In prior art it is known to deactivate cylinders in order to improve fuel efficiency and reduce emissions for internal combustion engines. The existing solutions may operate, and have their highest efficacy, at low engine load levels. One of the typical solutions is to deactivate half of the number of cylinders in an engine by deactivating both the intake and exhaust valves for those cylinders. By deactivating both the intake and exhaust valves the cylinder becomes fully deactivated. Such cylinder deactivation significantly decreases the fuel consumption and thereby the CO2 emission levels at certain load levels for internal combustion engines. Although the effect is only present at a limited RPM range cylinder deactivation as presented by the prior art has a positive overall effect on for example vehicles fuel consumption.
There are mainly two problems that commonly are addressed by cylinder deactivation systems which both affect the fuel consumption for internal combustion engines. The first problem is excessive amount of cylinder volume at certain RPM levels and load levels creating pumping losses when air is dragged into or exhaust are pushed out of the cylinders. The second problem is the relative slow combustion and heat release on low load levels. Cylinder deactivation addresses both those problems and thereby decreases fuel consumption both by reducing the pumping losses and by and increasing the combustion speed by reducing the cylinder volume.
The problem with pumping losses is present especially at low cylinder pressure and mainly due to the need to draw air in to the cylinders. Furthermore, low pressure in the cylinders of an internal combustion engine is associated with relatively high fuel consumption in relation to the power output due to higher energy required for the combustion reaction. By deactivating cylinders during low load levels, fewer cylinders are required to draw air from the intake manifold which means that the pumping losses as well as the total cylinder volume are decreased. The reduced pumping losses can for example be mainly achieved by keeping both the exhaust and intake valves closed creating a vacuum within the deactivated cylinder either above or below the piston. The vacuum is created above the piston when it moves downwards past its middle point and below the piston when it moves upwards. This creates a state where the piston will always strive to travel towards its middle position, which substantially eliminates the pumping losses.

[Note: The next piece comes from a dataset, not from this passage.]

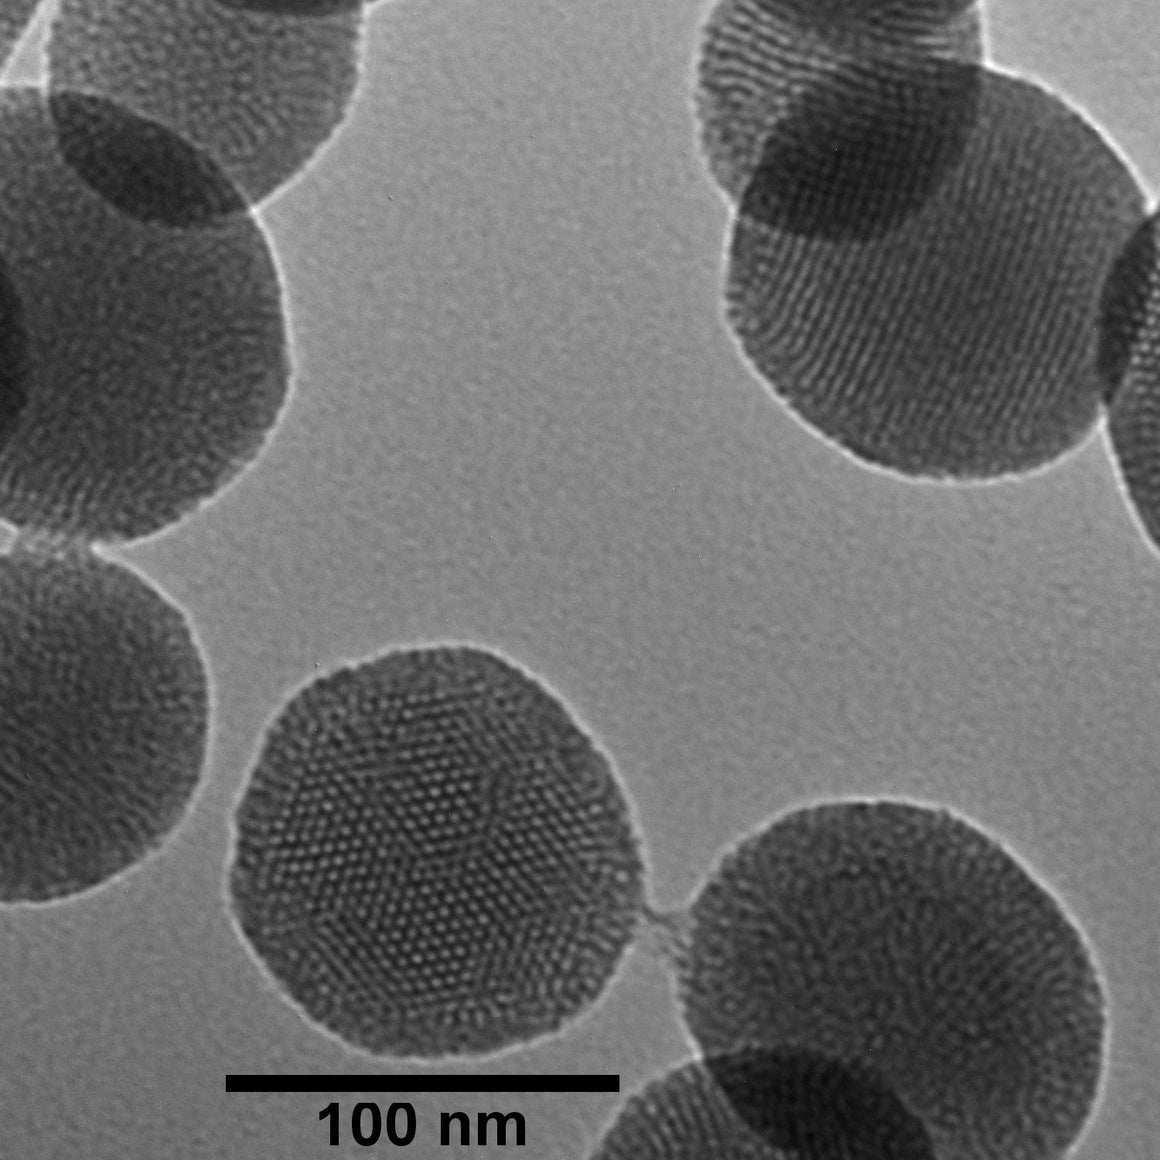 NanoXact Mesoporous Silica Nanospheres – Aminated (Dried)

The conventional solution for cylinder deactivation uses systems with two states where cylinders might be either active or inactive. This is achieved with valves that have either one or two lifting levels each, for example cylinder one might have one lifting level while cylinder two might have two lifting levels. Lifting levels can also be referred to as modes. The lifting levels in such solutions are the same for all cylinders.

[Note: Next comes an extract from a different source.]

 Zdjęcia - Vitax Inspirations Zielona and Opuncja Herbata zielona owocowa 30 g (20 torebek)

Valves with two modes present multiple benefits and is an option presented in prior art. Although two lifting levels is an option it would be beneficial to provide additional lifting levels in order to save even more fuel and decrease emissions. The idea with this is to provide the possibility of utilizing more than two cylinder deactivation states. If valves with more than two lifting levels are used multiple states can be used creating a more dynamic cylinder deactivation.
The problem that prior art solutions encounter when trying to provide more than two states is that equipping each valve with more than two lifting levels present problems with lubricants, seals, cost and space within the engine and the engine bay. For example, in a solution utilizing cam profiles, two lifting levels can be achieved by two cam profiles, which take less space than for example three cam profiles. Thereby, the problem with the current solution is that, although significant fuel savings can be achieved, the methods applicability range, i.e., the RPM range where cylinder deactivation is applicable, is limited due to the limitation to two states and two lifting levels. States are modes of cylinder deactivation that the engine can be set to, i.e., a state of cylinder valve settings that allows for different properties. In order to accomplish more than two states and thereby increase the applicability range the prior art presents solutions utilizing electrical valves. Electrical valves have been used that provides step-less opening options for each valve individually thereby enabling more than two lifting levels and multiple states. However, those solutions are expensive and require advanced engine control units to operate.
With the above problems and solutions in mind it would therefore be advantageous to provide a cylinder deactivation arrangement for an internal combustion engine that can be utilized at an extended RPM range without increasing the complexity of each valve arrangement.